On 4 August 2015, the Federal Court of Australia made orders setting aside the decision of the Environment Minister, Greg Hunt, to approve Adani’s Carmichael coal mine under the Environment Protection and Biodiversity Conservation Act 1999 (Cth) (‘the EPBC Act’).
The Minister agreed to such orders because he acknowledged that, despite having departmental advice regarding the potential impacts of the mine on vulnerable species, the yakka skink and the ornamental snake, that advice was not properly taken into account when approval was given.
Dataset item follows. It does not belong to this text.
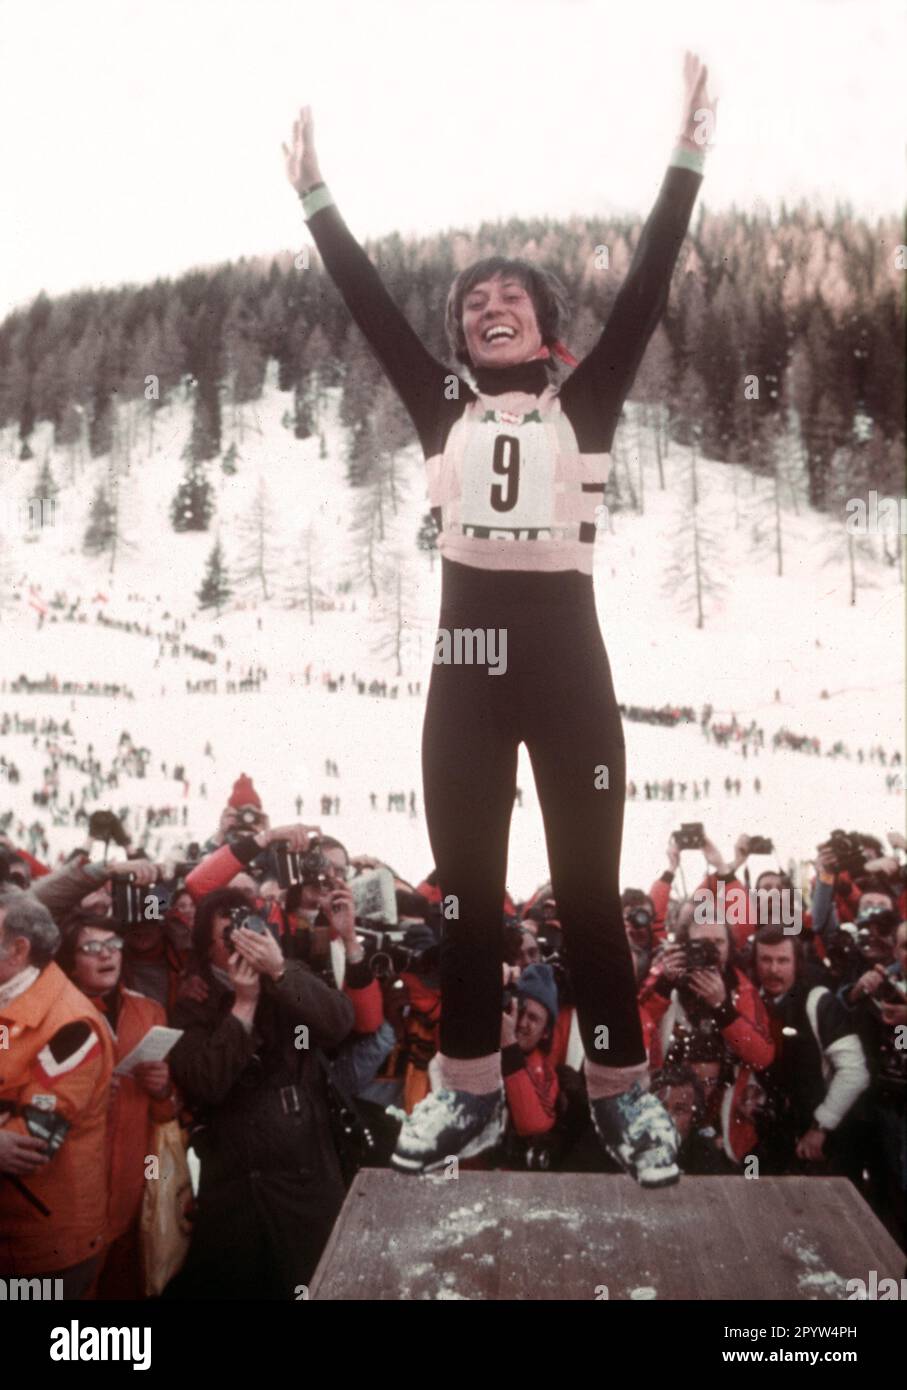 Winter Olympics in Innsbruck 1976. Rosi Mittermaier (Deut.) cheers after her victory in the downhill race Feb. 13, 1976. [automated translation] Stock Photo

On 16 October 2015, the Minister granted approval of the project after considering additional information from Adani and environmental groups. Pursuant to that approval, the mine could become one of the largest in the world, producing up to 2.3 million tonnes of coal over 60 years. At the time of publication, it is not yet clear whether this second approval will be challenged by the Mackay Conservation Group that launched the earlier Federal Court challenge.
The fact that the Government has now prevailed with approval of the mine appears not to have altered its proposals to amend the EPBC Act in the wake of the earlier Federal Court order. Shortly after the reporting on the outcome of the proceedings in the Federal Court, on 18 August 2015 the then Prime Minister Tony Abbott disclosed in question time that ‘[the] government will repeal section 487(2) of the EPBC Act, which gives activists the standing to sabotage decisions’. The following day, the Environment Protection and Biodiversity Conservation Amendment (Standing) Bill 2015 (‘the Amendment Bill’) was introduced to the House of Representatives. The Amendment Bill’s sole provision would repeal section 487 of the EPBC Act.
In introducing the Amendment Bill, the Environment Minister said the Bill was a response to ‘a major threat to the administration of the EPBC Act’ in the ‘use of litigation to “disrupt and delay key projects and infrastructure” within Australia’. The Minister called this ‘an unprecedented new development in Australia, drawing the worst features of the American litigation industry into Australia’. However, the Minister also noted that the change to the EPBC Act would ‘not prevent those who may be affected from seeking judicial review’.
On 20 August 2015, the Senate referred the Amendment Bill to the Environment and Communications Committee. The report of that Committee is due in February 2016.